Looking back, you can judge whether the "d is much less than w/2^n" approximation is a good one. Using the maximize protocol, you can go about 5 rounds before the distance you displace on the next fast-forward/rewind is comparable to the distance you displace listening to the tape. You can calculate that probability that 5 rounds will be sufficient to locate the spot on the tape. Since you always spend 30 seconds, the chance of finding it on the first blind attempt is 30/(45*60), on the second attempt, 30/1350...and the total sum of all these is somewhere around 30%. This is obviously not a very good approximation. A new model is clearly needed. Of course when d=0 the approximation is still good, so the minimize protocol is definitely good.
Pretty much the only valuable thing to come out of all this inquiry is the realization that your optimum minimize strategy is to listen for as little as possible. In fact I'm not sure if any of these results are even meanginful with all the approximations I made. Perhaps someone will come to another answer, or one that's based on fewer approximations?

1 comment:

Grobstein said...

Actually, I got confused pretty early on and so can't offer any good answers to the questions you pose at the end. Here's my confusion: when you play the tape and either here music or don't, how do you know where you are relative to the one or two sets that are recorded on the tape?

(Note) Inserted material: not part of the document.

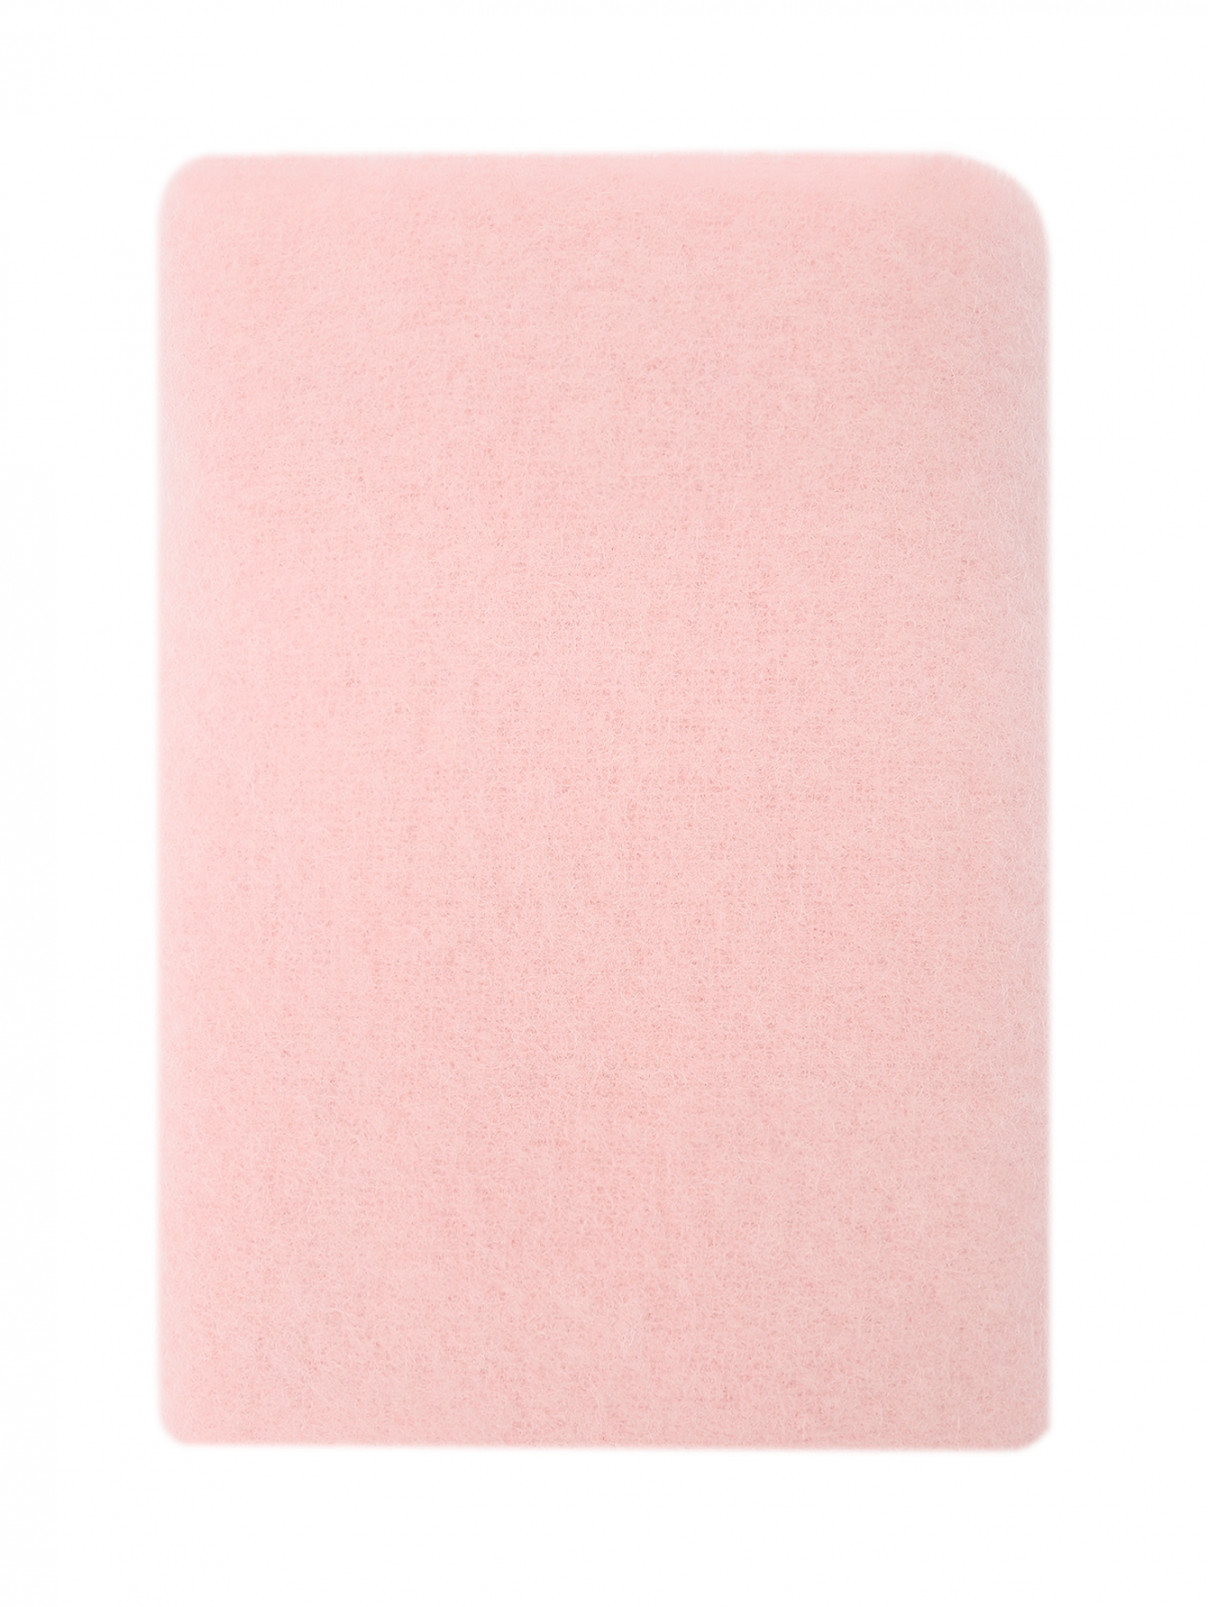 Однотонный шарф с бахромой из альпаки Alysi  –  Общий вид  – Цвет:  Розовый

If you hear music, it could be the music either of set 1 or set 2 (right?), which means the point at which you hear music could be bounded by the start of set 1 and the end of the tape, or by the start of set 1 and the start of set 2, or by the start of set 2 and the end of the tape. How do you disambiguate?

There seems to be a similar problem if you don't hear music.

I know you probably actually use these techniques in your job, so I'm sure they work, but I'm having a hard time figuring out how.